Derrière le comptoir de mon bar à Besançon, je pose souvent la même question à mes clients : « VS, VSOP ou XO, vous savez vraiment ce que vous commandez ? » La plupart sourient et haussent les épaules. Pas de honte à ça — le classement du cognac intimide même les amateurs sérieux. Pourtant, comprendre ces mentions, c’est la clé pour choisir son verre avec intelligence, et surtout avec plaisir.

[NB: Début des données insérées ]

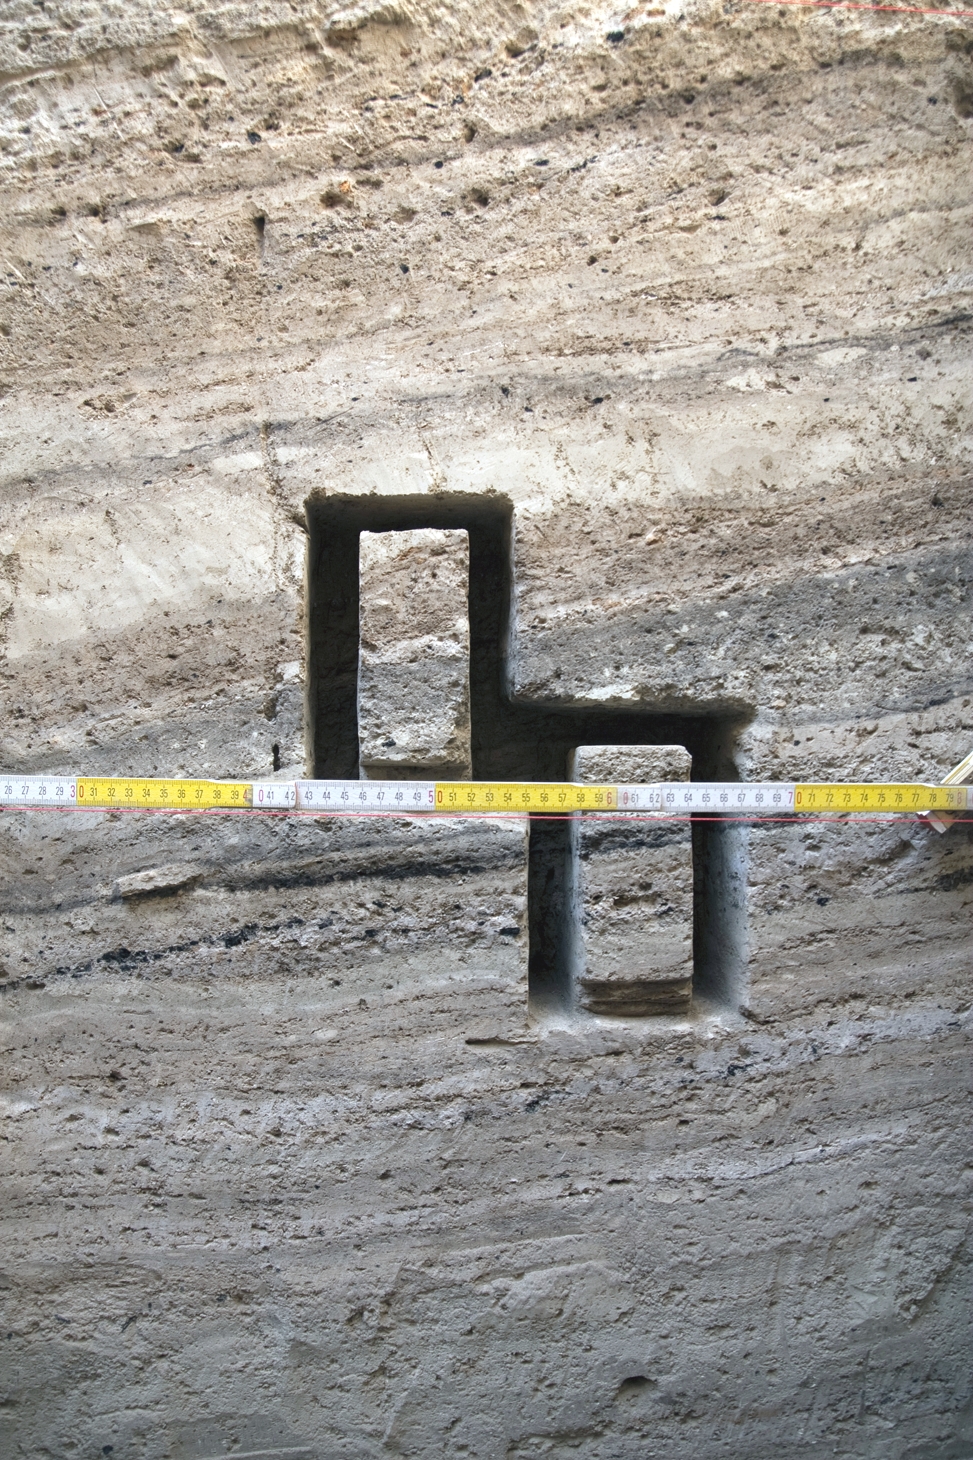 Microstratigraphic sampling in the deep sounding of Unit C.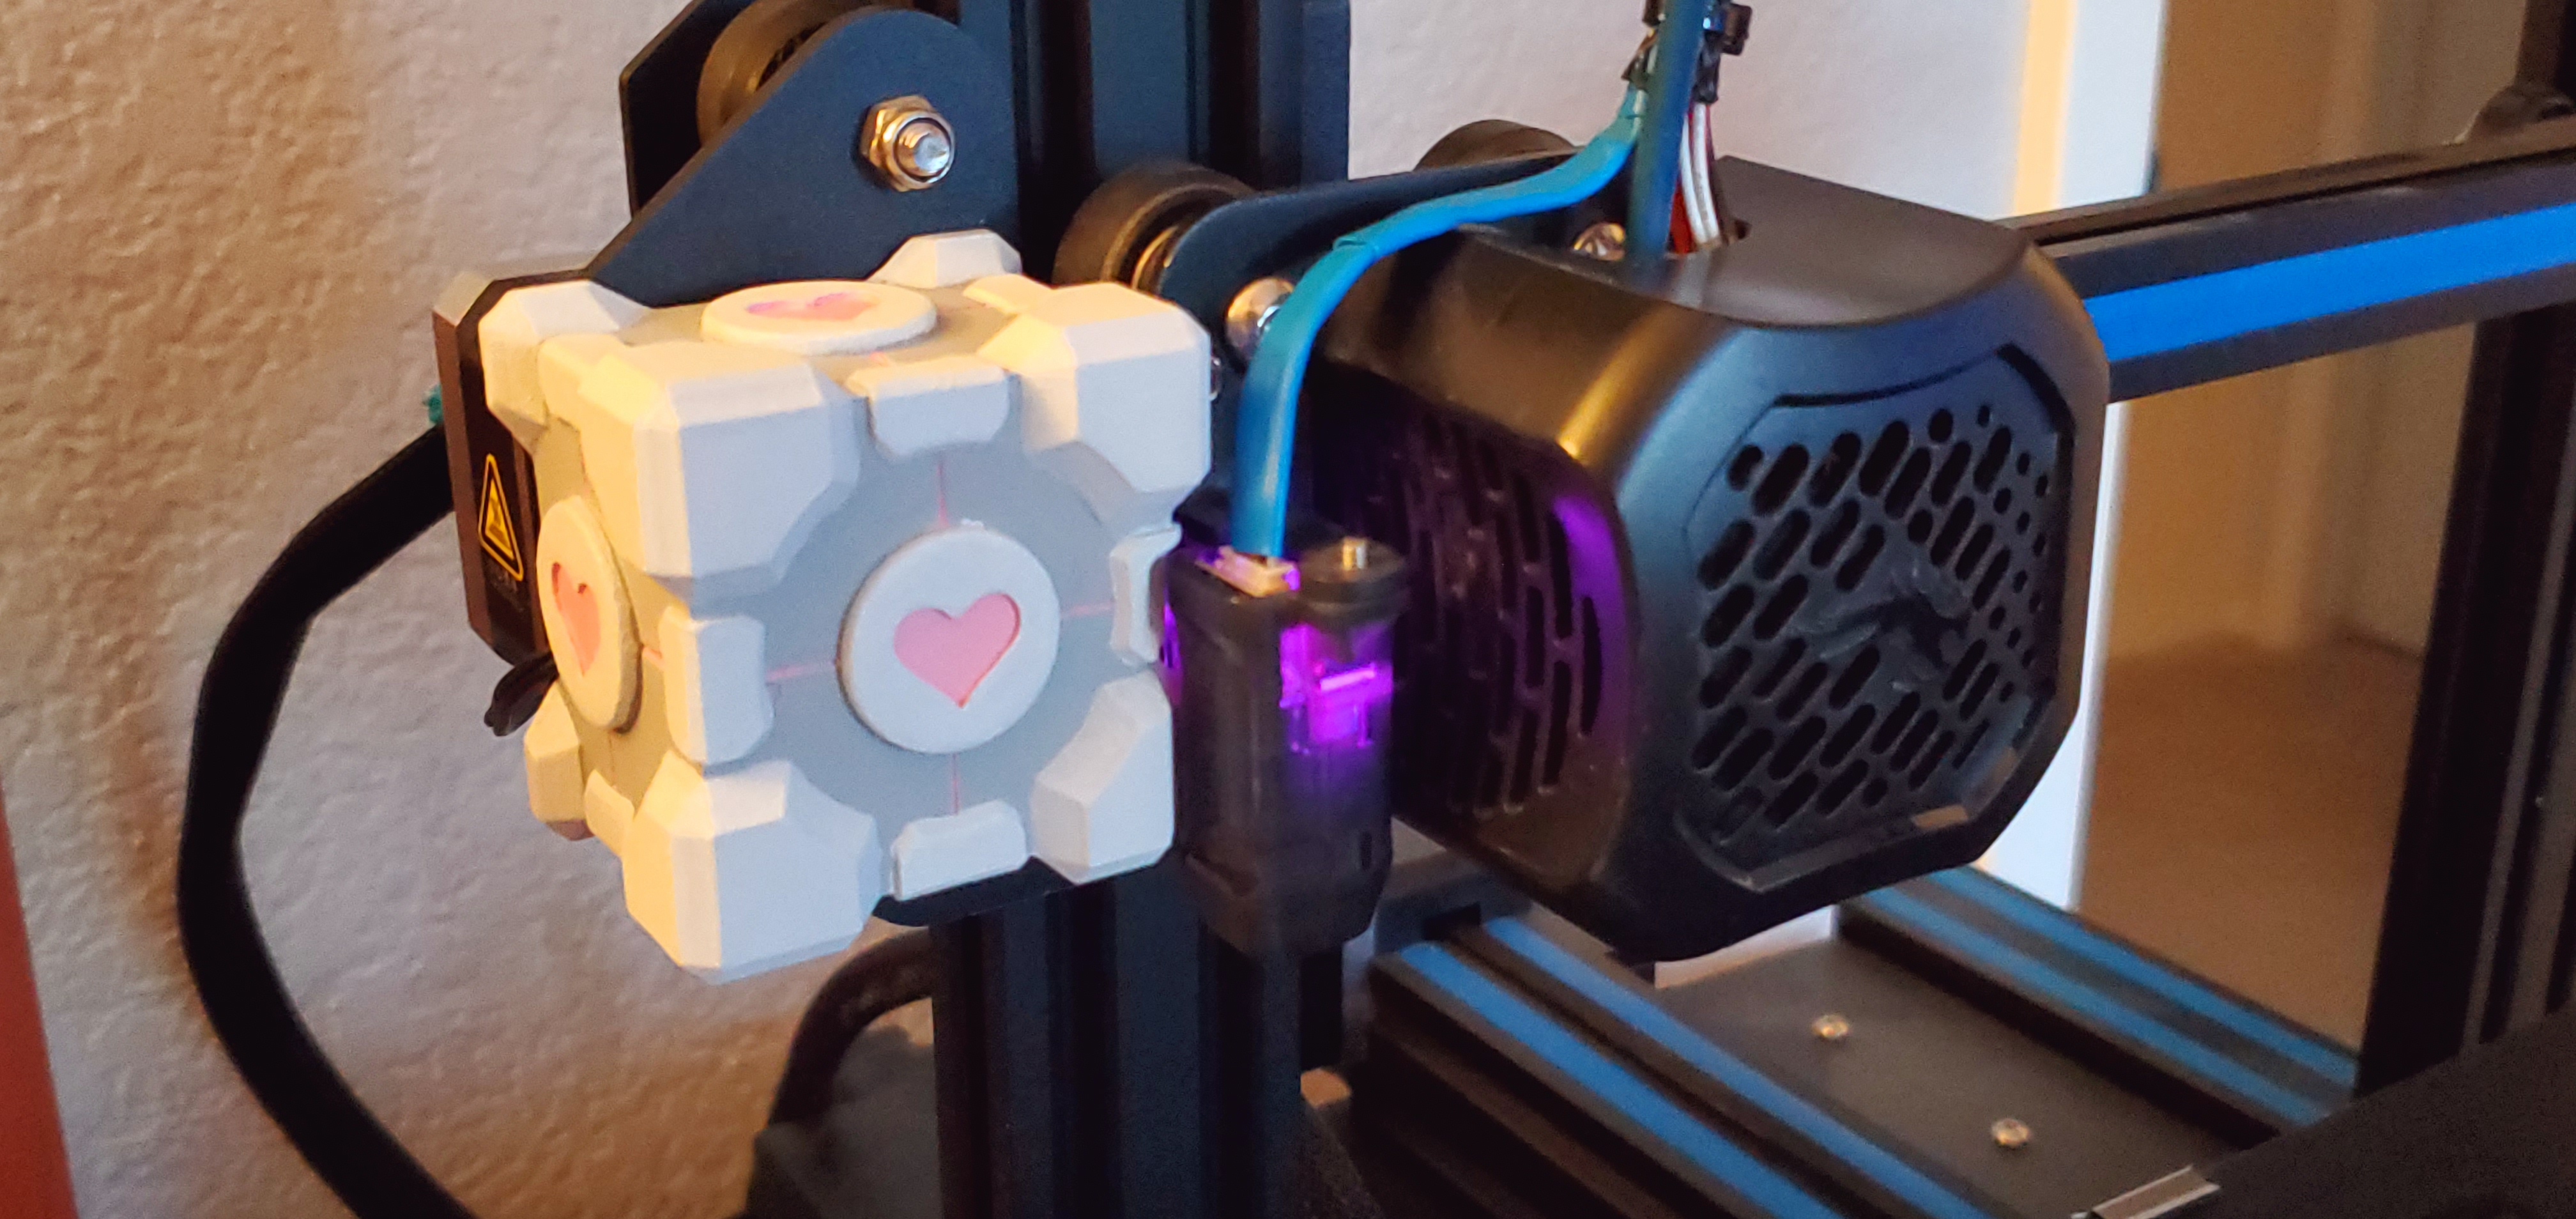 Ender 3 v2 Companion Cube X Motor Cover (CR-Touch Compatible)

Ce que signifient vraiment VS, VSOP et XO : les classifications du cognac expliquées
Le cognac est une eau-de-vie produite en Charente et Charente-Maritime, sous Appellation d’Origine Contrôlée. Son histoire commence au XVIe siècle, quand les vignerons locaux distillent leurs vins pour faciliter le transport. Les marchands hollandais du XVIIe siècle découvrent ensuite qu’un passage en fût enrichit l’alcool en saveurs. Un beau hasard qui a changé nos soirées pour toujours.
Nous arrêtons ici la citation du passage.